== GIVEN MATERIAL
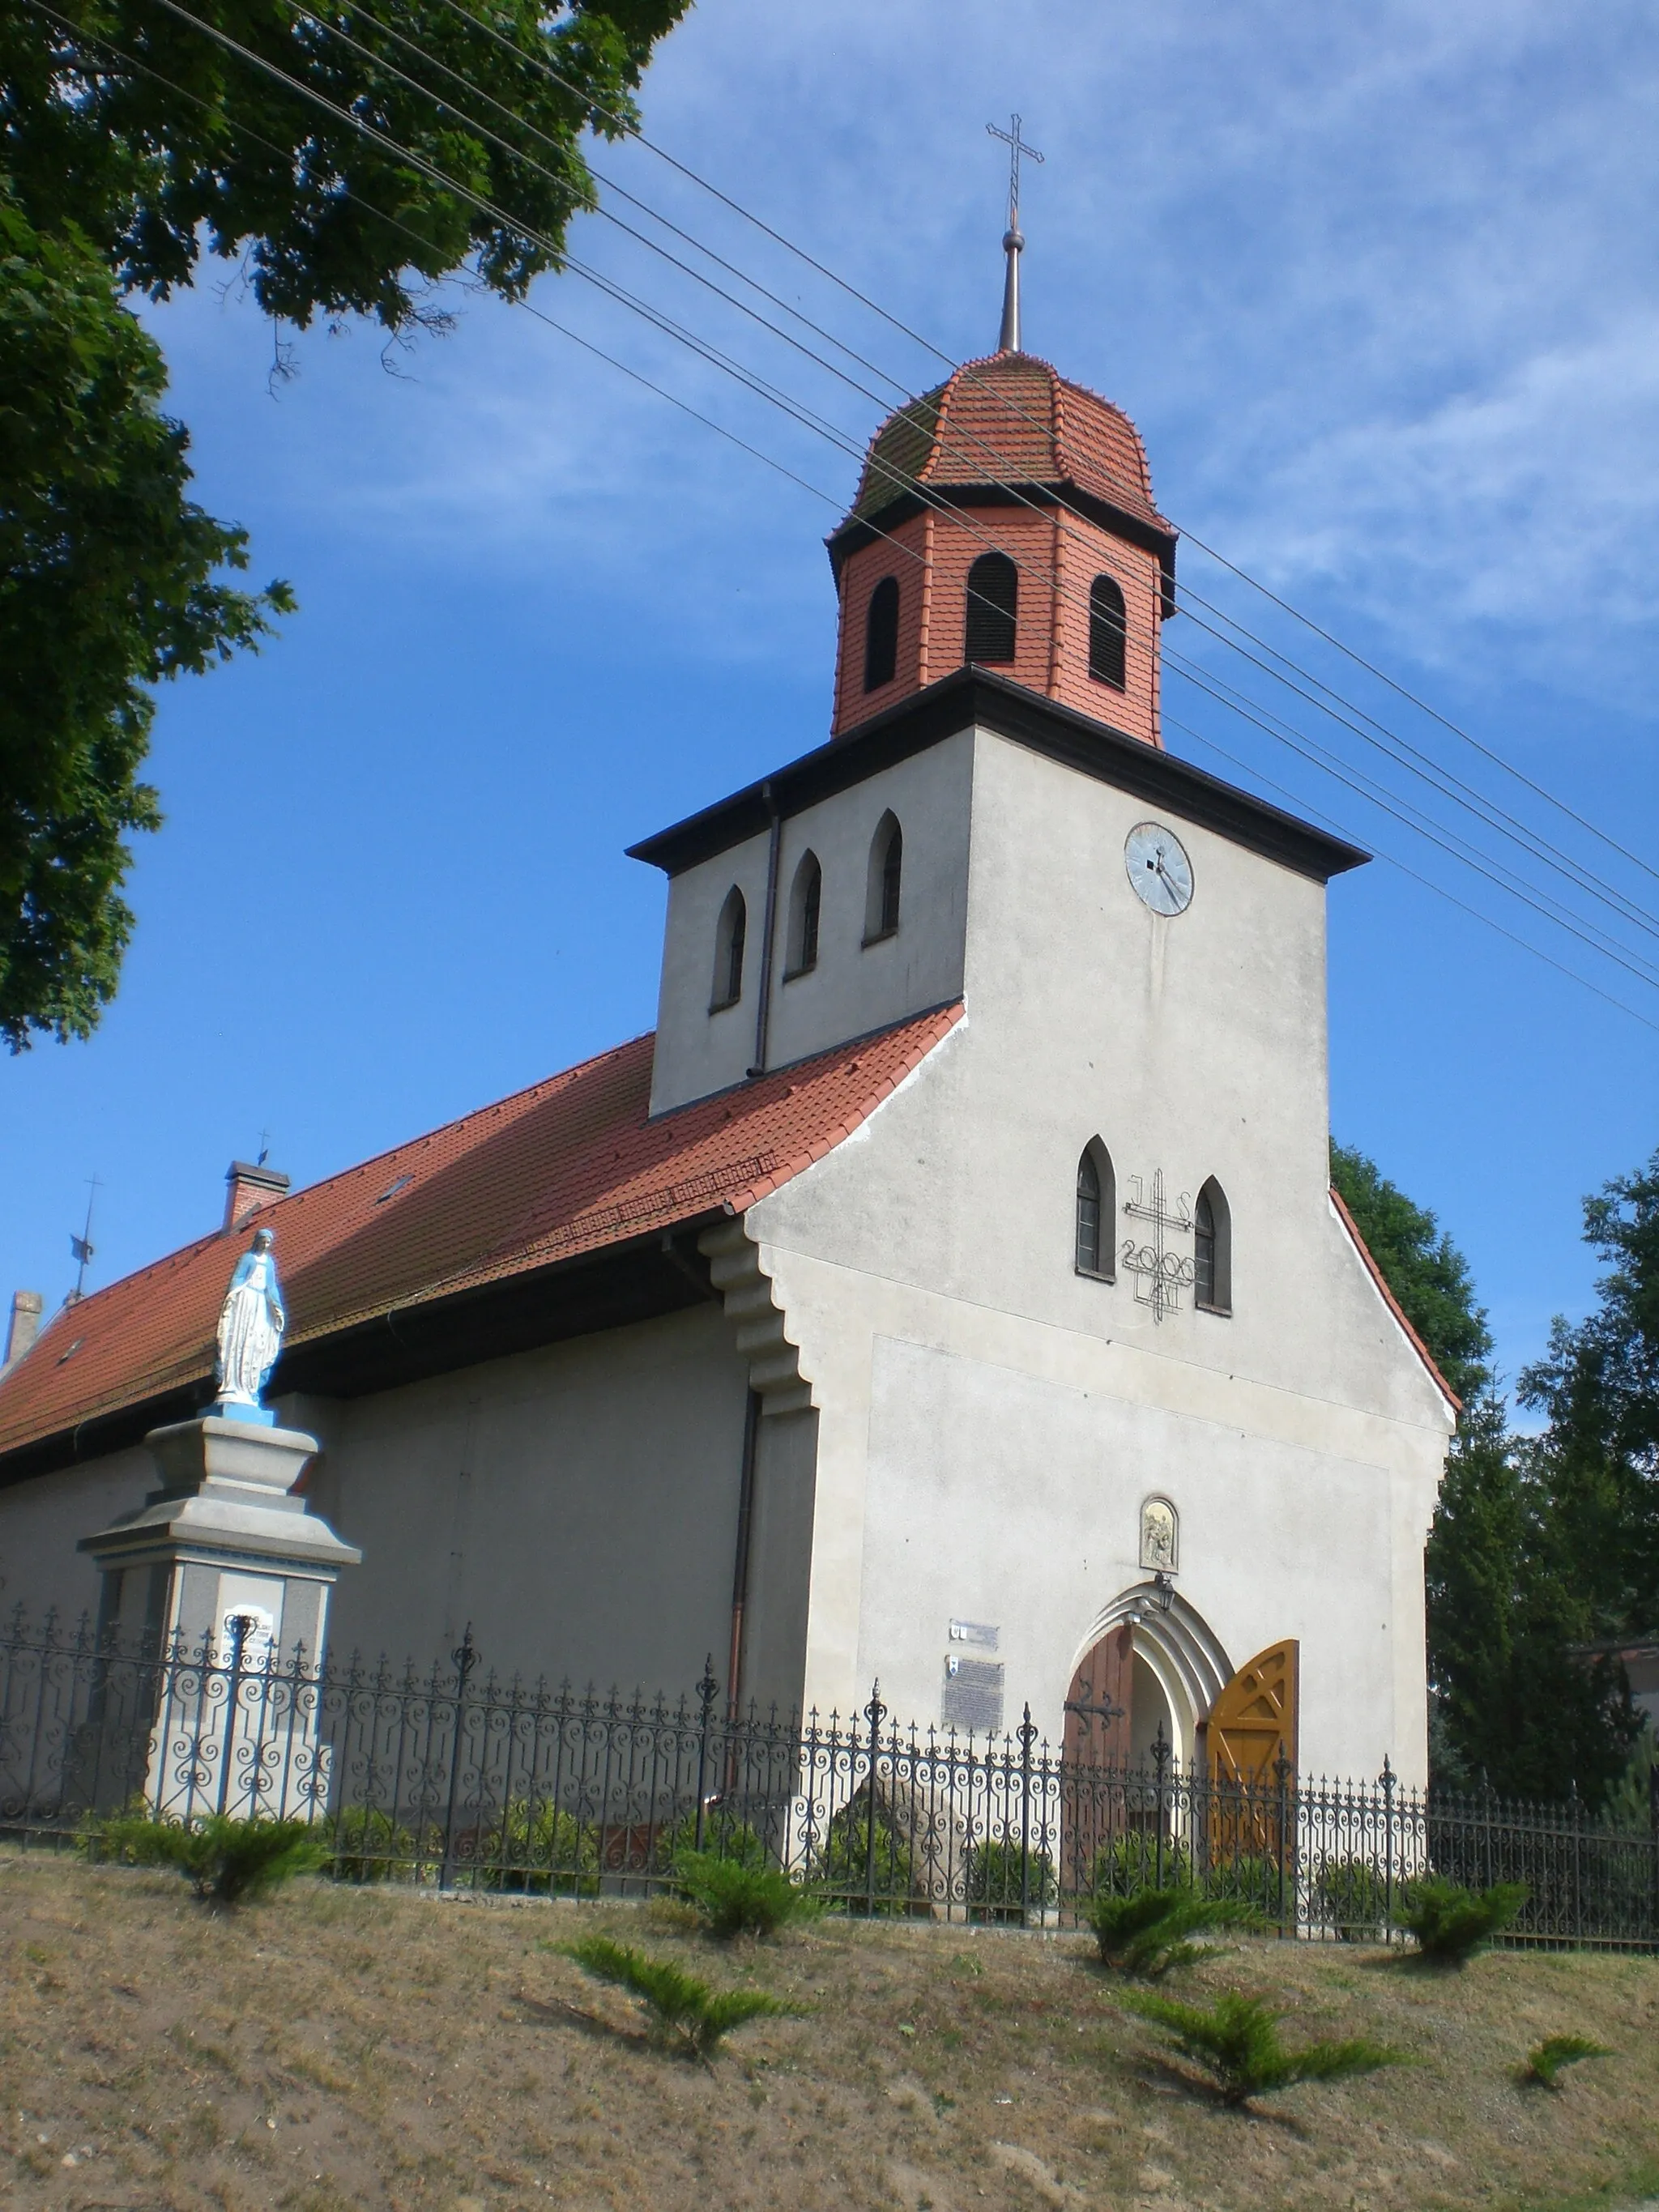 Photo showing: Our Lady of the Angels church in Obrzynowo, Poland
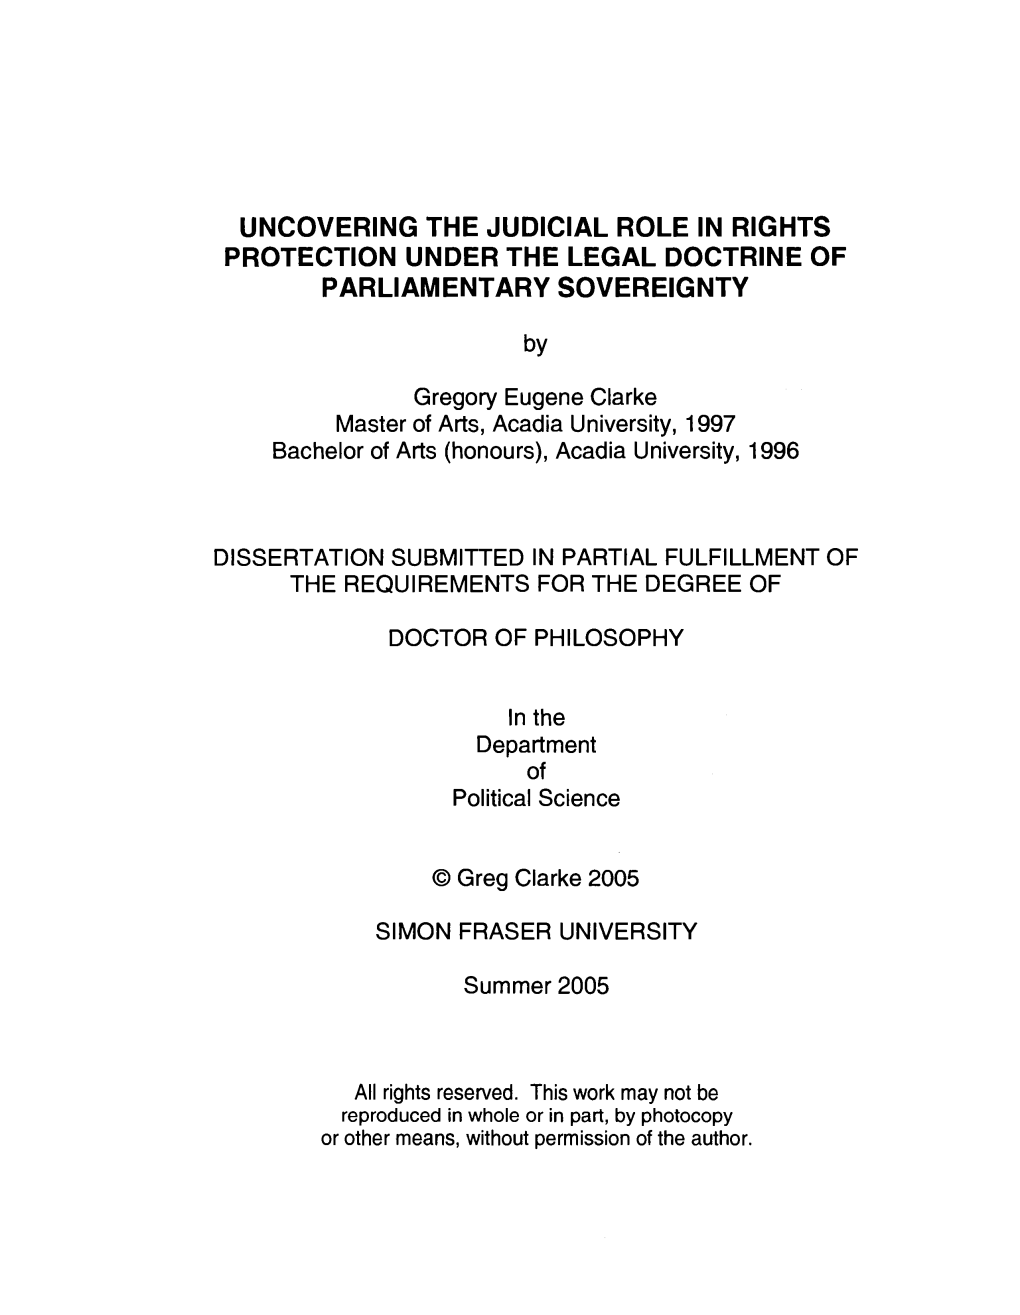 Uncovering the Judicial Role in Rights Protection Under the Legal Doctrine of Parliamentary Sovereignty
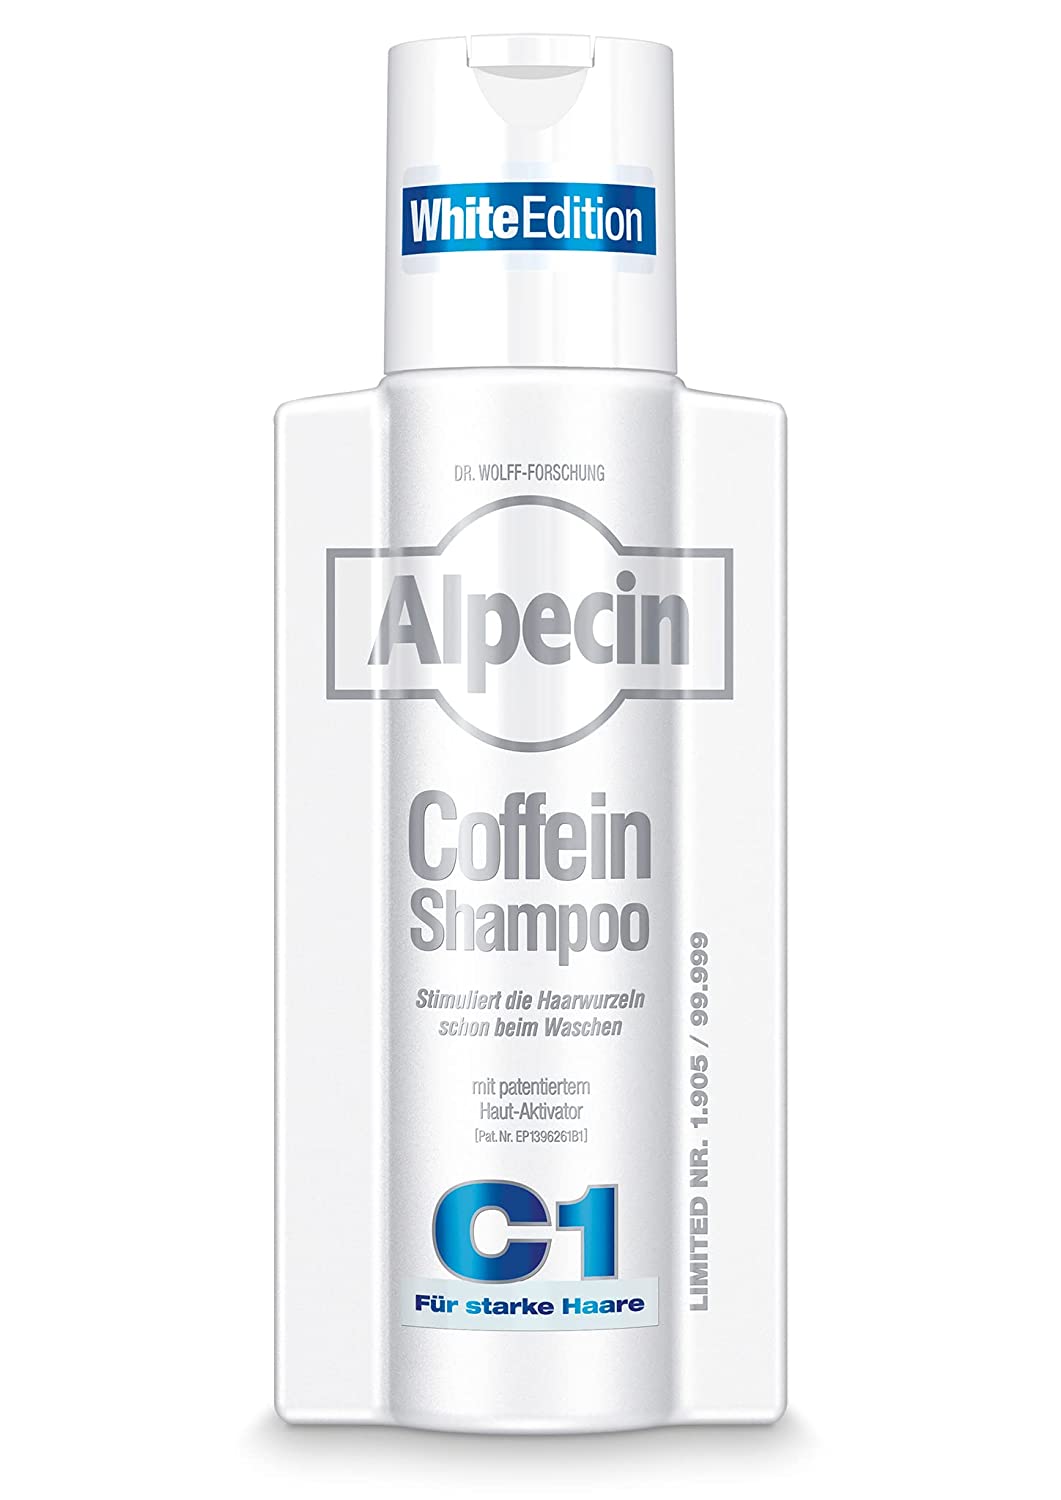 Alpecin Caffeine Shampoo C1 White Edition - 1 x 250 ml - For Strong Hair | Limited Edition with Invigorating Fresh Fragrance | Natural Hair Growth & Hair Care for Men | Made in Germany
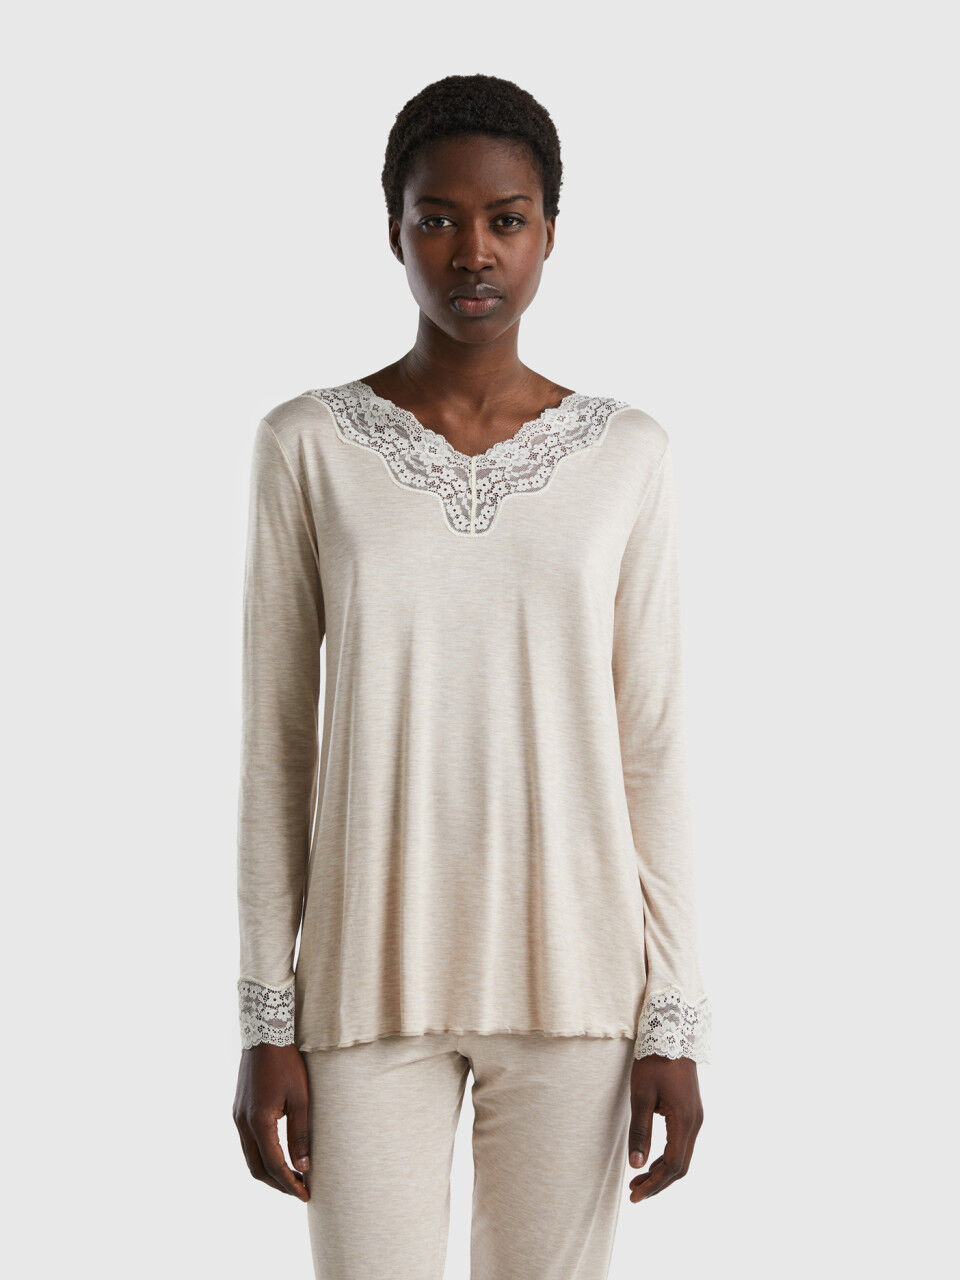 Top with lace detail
====
__YOUR OBJECTIVE__:
Word for word, quote the lines above. Omit the pictures.

__WRITTEN SOLUTION__:
 Photo showing: Our Lady of the Angels church in Obrzynowo, Poland
 Uncovering the Judicial Role in Rights Protection Under the Legal Doctrine of Parliamentary Sovereignty
 Alpecin Caffeine Shampoo C1 White Edition - 1 x 250 ml - For Strong Hair | Limited Edition with Invigorating Fresh Fragrance | Natural Hair Growth & Hair Care for Men | Made in Germany
 Top with lace detail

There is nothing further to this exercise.